Photo / Frank V.
The photon-based neural network processor is 100 times more efficient than the electric processor.
Researchers have made progress in developing artificial intelligence using light instead of electricity to perform calculations. The new approach significantly improves both the speed and efficiency of machine learning neural networks – the purpose of artificial intelligence is to perform repetitive activity, such as the function performed by the human brain to perform a task without supervision.
Current processors used for machine learning have the power to process data, limiting the amount of work that can be done during complex operations. As that task becomes more intelligent and the data becomes more complex, more power is required. The slow transmission of electronic data between processors and memory limits the performance of such networks.
Researchers at George Washington University in the United States have discovered that the use of photons in natural neural network (stress) processing units (TPUs) creates a more powerful artificial intelligence that transcends these limits.
A newspaper describing the research published in reviews by Today’s journal of Applied Physics reveals that their photon – based TPU was able to react between 2-3 orders of magnitude higher than the electronic TPU.

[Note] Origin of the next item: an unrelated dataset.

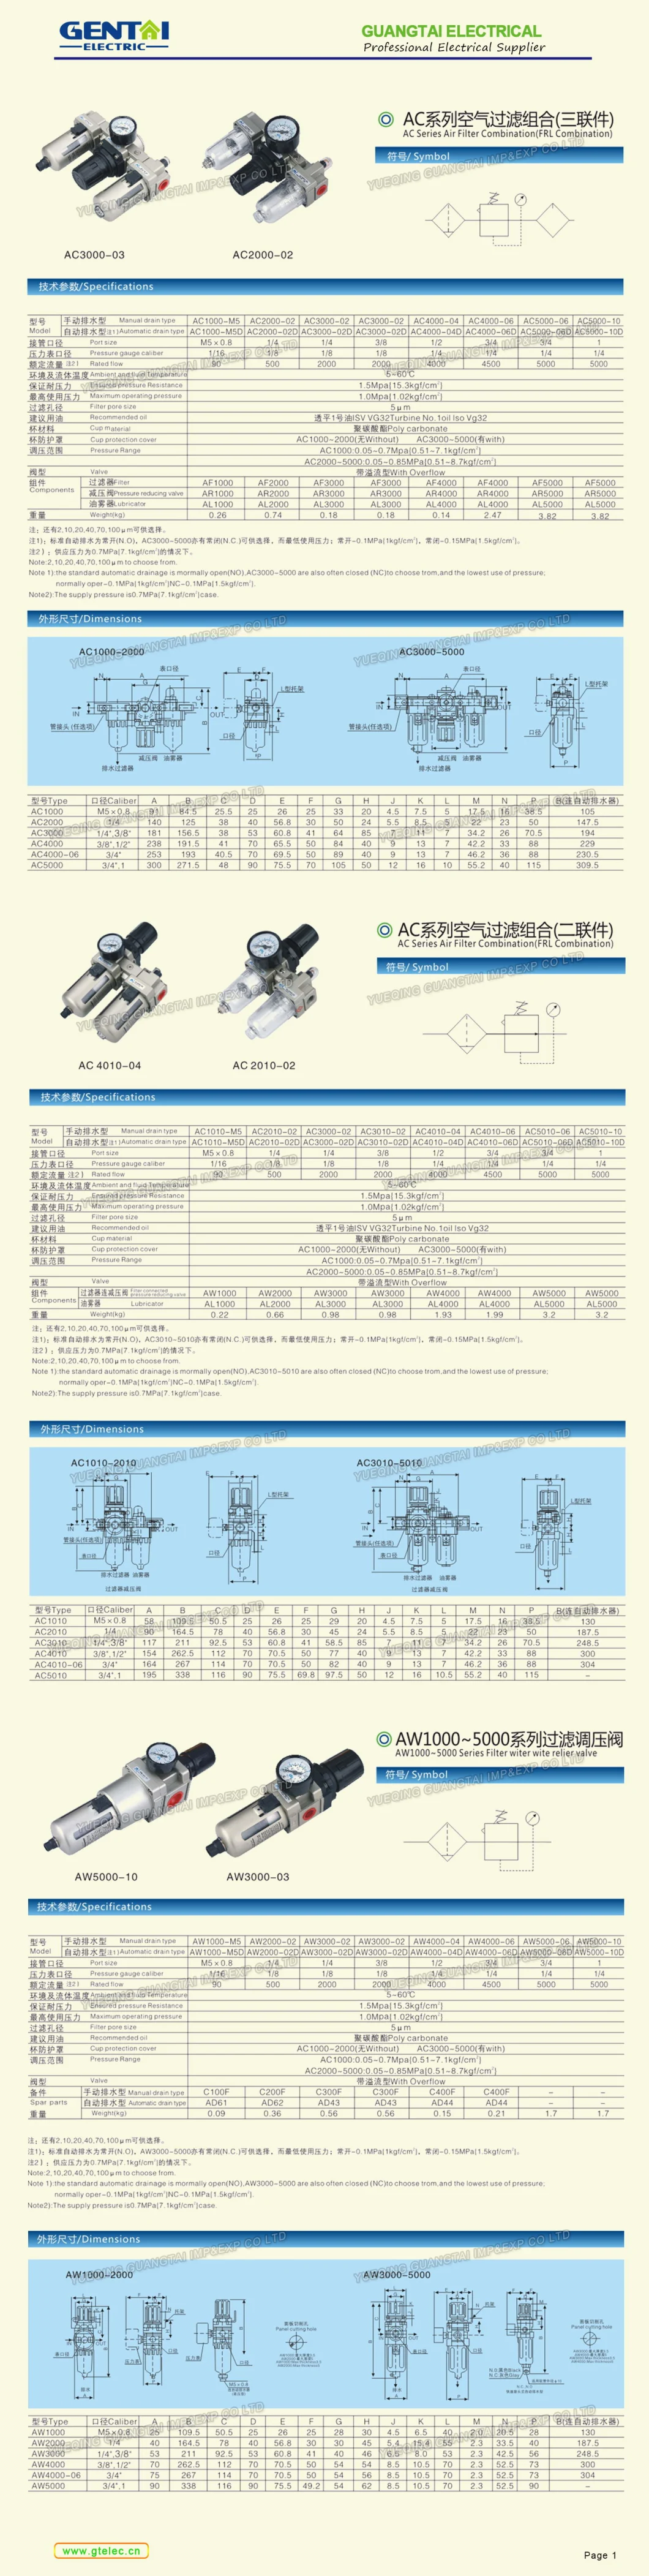 AC4010-04pnecumatic Two Units Frl Combination Air Filter Regulator & Lubricator

“We’ve found that integrated photonic platforms that combine efficient visual memory can have the same operation as a stress processing unit, but they consume less power and yield higher results,” said Mario Misguglio, the newspaper’s editor.
“Opportunistic training uses light to operate (within the system).” Potential commercial applications for the innovative processor include 5G and 6G networks, as well as a large number of data processing centers.
Dr. Miskuglio said that “photonic processors can save a lot of energy, improve response time and reduce data center congestion.”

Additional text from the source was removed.